Под сенью девушек в цвету

Пруст Марсель

Шрифт:

Когда Блок заговорил со мной о приступе снобизма, который я, по его мнению, переживал, и попросил меня признаться ему, что я сноб, я мог бы ответить ему: «Если б я был сноб, я бы не водил с тобой знакомства». Я же только сказал ему, что он не слишком любезен. Тогда он стал просить извинения, но так, как это делают дурно воспитанные люди, которых слишком радует возможность, отказываясь от своих слов, еще резче подчеркнуть их. «Прости меня, — говорил он мне теперь всякий раз, встречаясь со мною, — я огорчил тебя, терзал тебя, я без всякого повода был жесток. И все же — всякий человек, и в частности твой друг, такое уж странное животное, — ты не можешь себе представить, какую нежность я чувствую к тебе, несмотря на то, что так зло тебя дразню. Эта нежность, когда я думаю о тебе, часто доводит меня до слез». И он всхлипнул.

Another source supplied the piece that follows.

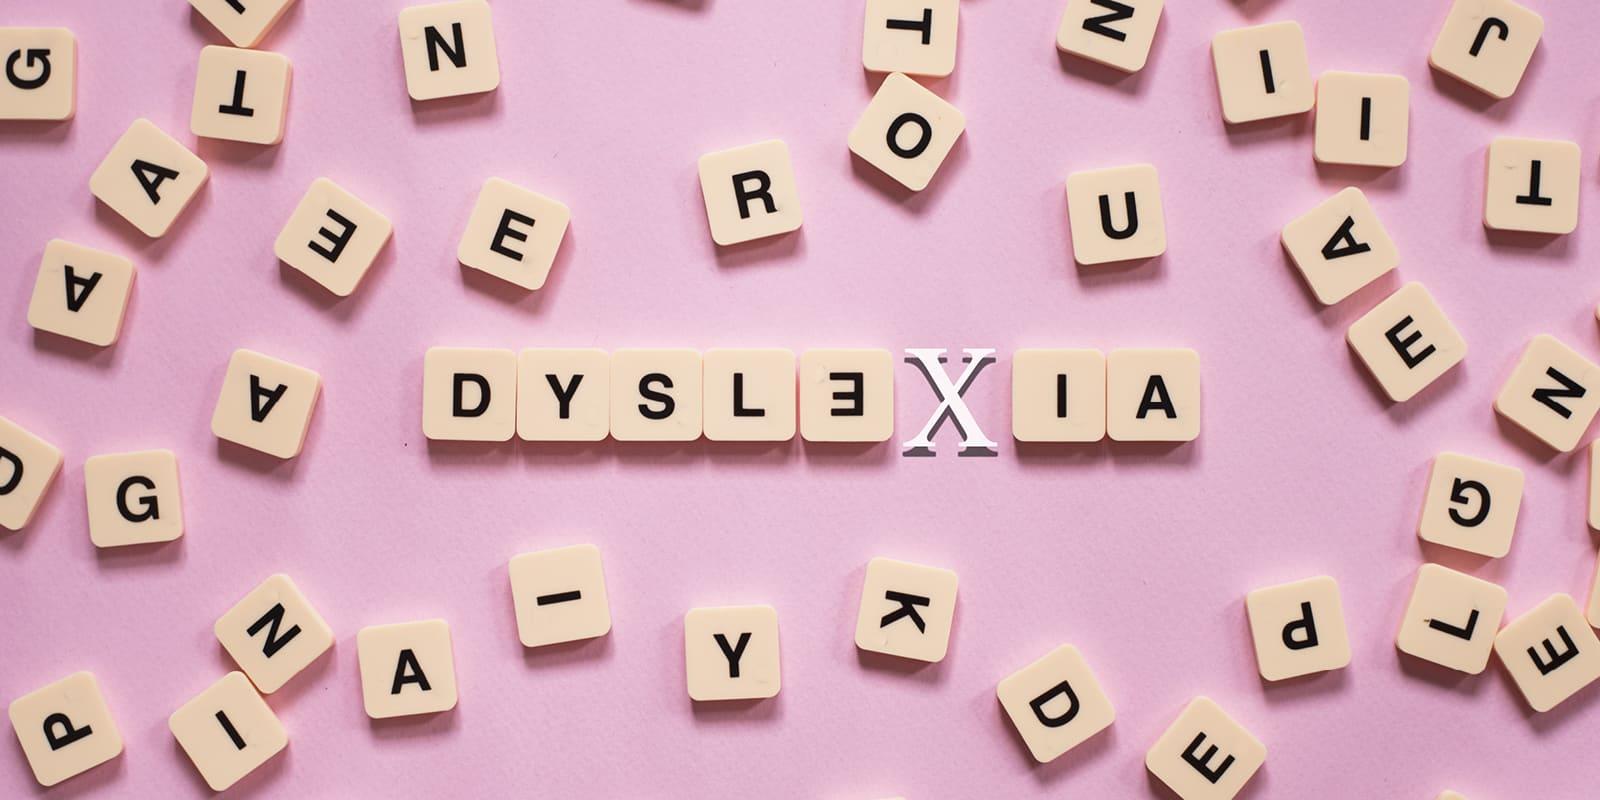 Dyslexia or Vision Problems

Еще больше, чем дурные манеры Блока, меня удивлял в нем уровень его разговора, очень непостоянный. Этот молодой человек, такой взыскательный, отзывавшийся о самых модных писателях: «Он жуткий идиот, он совершенный болван», — порой с величайшей веселостью рассказывал анекдоты, в которых не было ничего смешного, и ссылался, как на «весьма замечательного человека», на какое-нибудь полное ничтожество. Эта двойственность в суждениях об уме, о достоинствах человека, об интересе, им представляемом, не переставала удивлять меня вплоть до того дня, когда я познакомился с г-ном Блоком-отцом.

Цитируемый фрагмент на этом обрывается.